What steps can business leaders take now to ensure their businesses can sustain themselves and thrive during the transition?

The first thing companies should consider doing is to do a solid comprehensive assessment of the potential. Based on these assessments, [they can] develop plans both for decarbonization, but also to manage these risks and opportunities. Depending on the nature of the business, the focus may be on their scope 1 shows or their scope 3 shows. It may not be their own shows at all, but rather their business models themselves and the nature of their products. Doing the analysis indicates what is the most urgent action. If you think about both increased physical risk and the net zero transition, it’s very important for business leaders to realize that this actually affects every business decision a company makes, in one way or another. another, shape or form – how companies think about capital allocation, strategy, operations and supply chains, R&D. We have a chart in the report and in chapter five of the report that shows a set of about 20 to 25 different business decisions and how each of those decisions will change if the net zero transition is built into it. This will require entirely new capabilities in the organization to integrate climate into all of their decision-making.

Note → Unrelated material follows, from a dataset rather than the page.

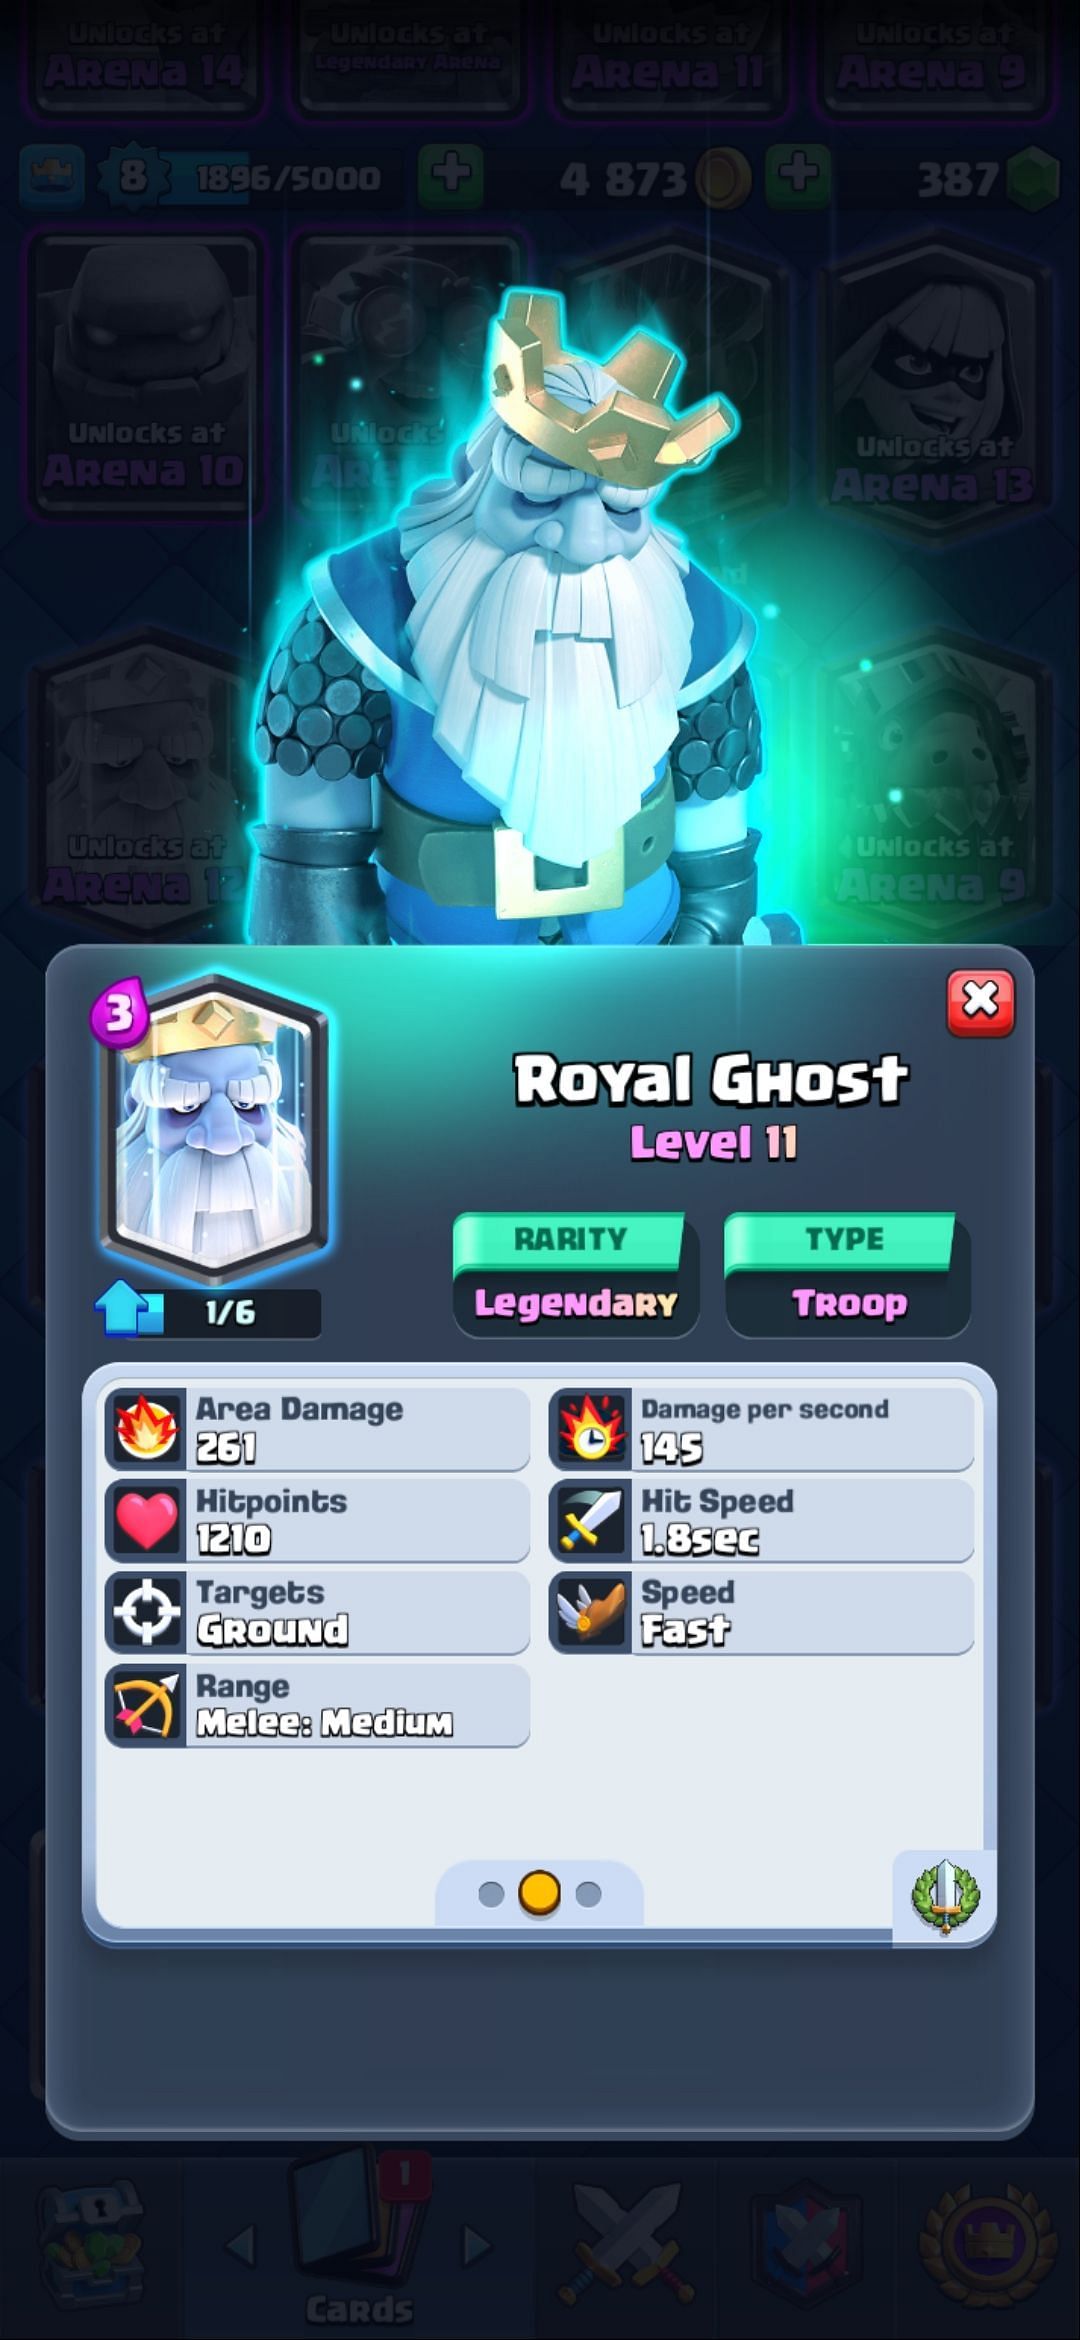 The Royal Ghost (Image via Supercell)

So one of the questions companies need to ask is, for each function in the organization, do they understand how that function would evolve if climate considerations were taken into account? Our hope is that by publishing this kind of evidence base [report], it can lead, inspire greater and more thoughtful, more decisive action. We need this action for two reasons. One is, of course, the avoidance of physical hazards. The second, equally worrying in the short term, at least, is the risk of a more disorderly transition, where displacements and adjustments are not managed.

Dr. Mekala Krishnan’s responses have been condensed and edited for brevity and clarity.


on the horizon

The Danish Consumer Ombudsman publishes an English translation of its guide to greenwashing, which offers several examples of both accurate and misleading ways of marketing products.